Fred Arbinger

Personal information
- Full name: Alfred Arbinger
- Date of birth: 6 June 1957 (age 68)
- Place of birth: Aldersbach, West Germany
- Position: Midfielder

Youth career
- FC Alkofen
- 0000–1976: FC Vilshofen

Senior career*
- Years: Team / Apps / (Gls)
- 1976–1978: FC Bayern Munich II
- 1976–1979: FC Bayern Munich / 6 / (0)
- 1978–1980: Tennis Borussia Berlin / 51 / (5)
- 1980–1982: FC Vilshofen
- 1982–1983: FC Alkofen
- 1983–1985: SpVgg Plattling
- 1985–1986: SpVgg Deggendorf
- 1986–1989: FC Aunkirchen
- 1989–1990: SpVgg Osterhofen-Altenmarkt

Managerial career
- 1986–1989: FC Aunkirchen
- 1989–1990: SpVgg Osterhofen-Altenmarkt
- 1990–1991: FC Vilshofen
- 1991–1997: TSV Rotthalmünster
- 1997–1998: 1. FC Passau
- 1999–2001: SV Schalding-Heining
- 2002–2003: DJK-TSV Dietfurt
- 2006–2007: SV Wacker Burghausen
- 2008: SV Bad Füssing
- 2011–2013: SV Bad Füssing

= Fred Arbinger =

German footballer

Fred Arbinger (born 6 June 1957) is a former German footballer.
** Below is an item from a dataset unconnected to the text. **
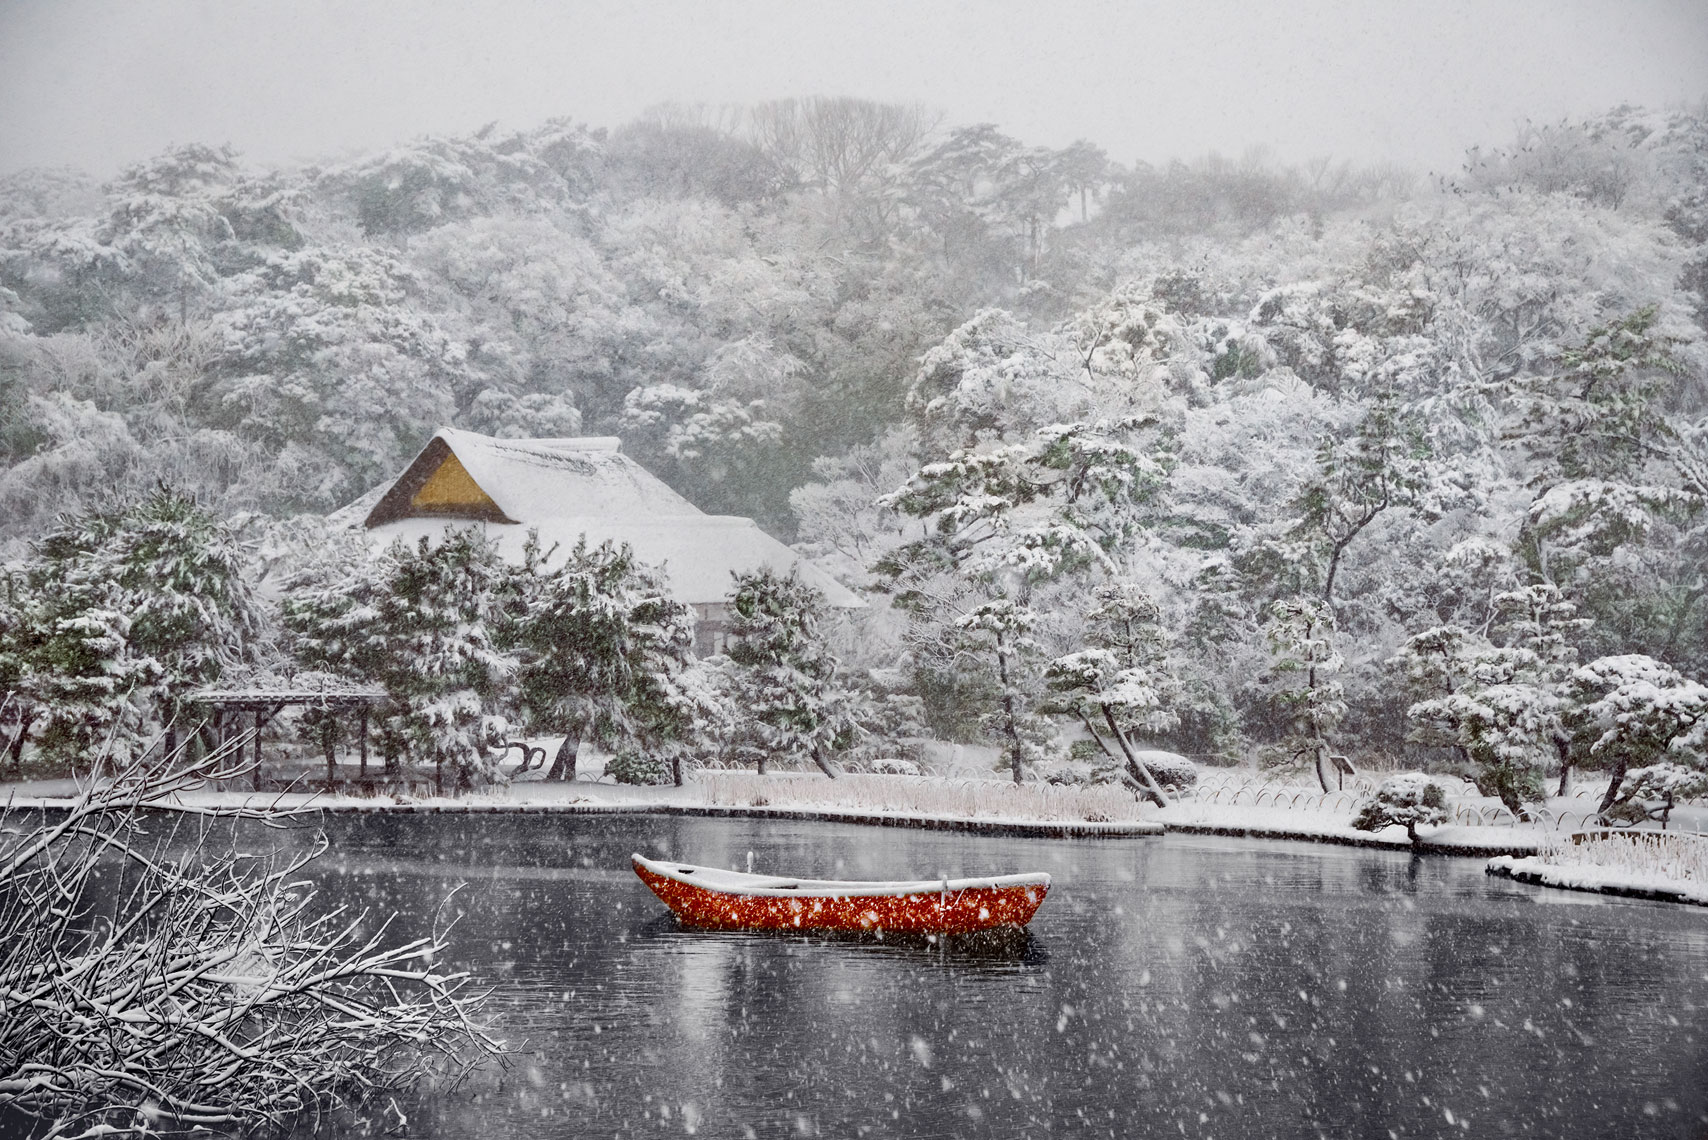 Boat Covered in Snow in Sankei-en Gardens. Yokohama, Japan, 2014.

Arbinger was born in Aldersbach. He began his career playing amateur football in his native Bavaria, before being signed by FC Bayern Munich in 1976. He had the misfortune to make his debut in Bayern's record league defeat, a 7–0 home loss against FC Schalke 04. He made nine more appearances in his first season, most notably a substitute appearance in the second leg of the Intercontinental Cup. He didn't play at all the following season, though, and left for Tennis Borussia Berlin in 1978. After two seasons in Berlin he returned to the Bavarian amateur leagues, initially as a player and later as a coach. He served as a youth coach with SV Wacker Burghausen from 2003 to 2007, and had a brief spell as the club's caretaker manager.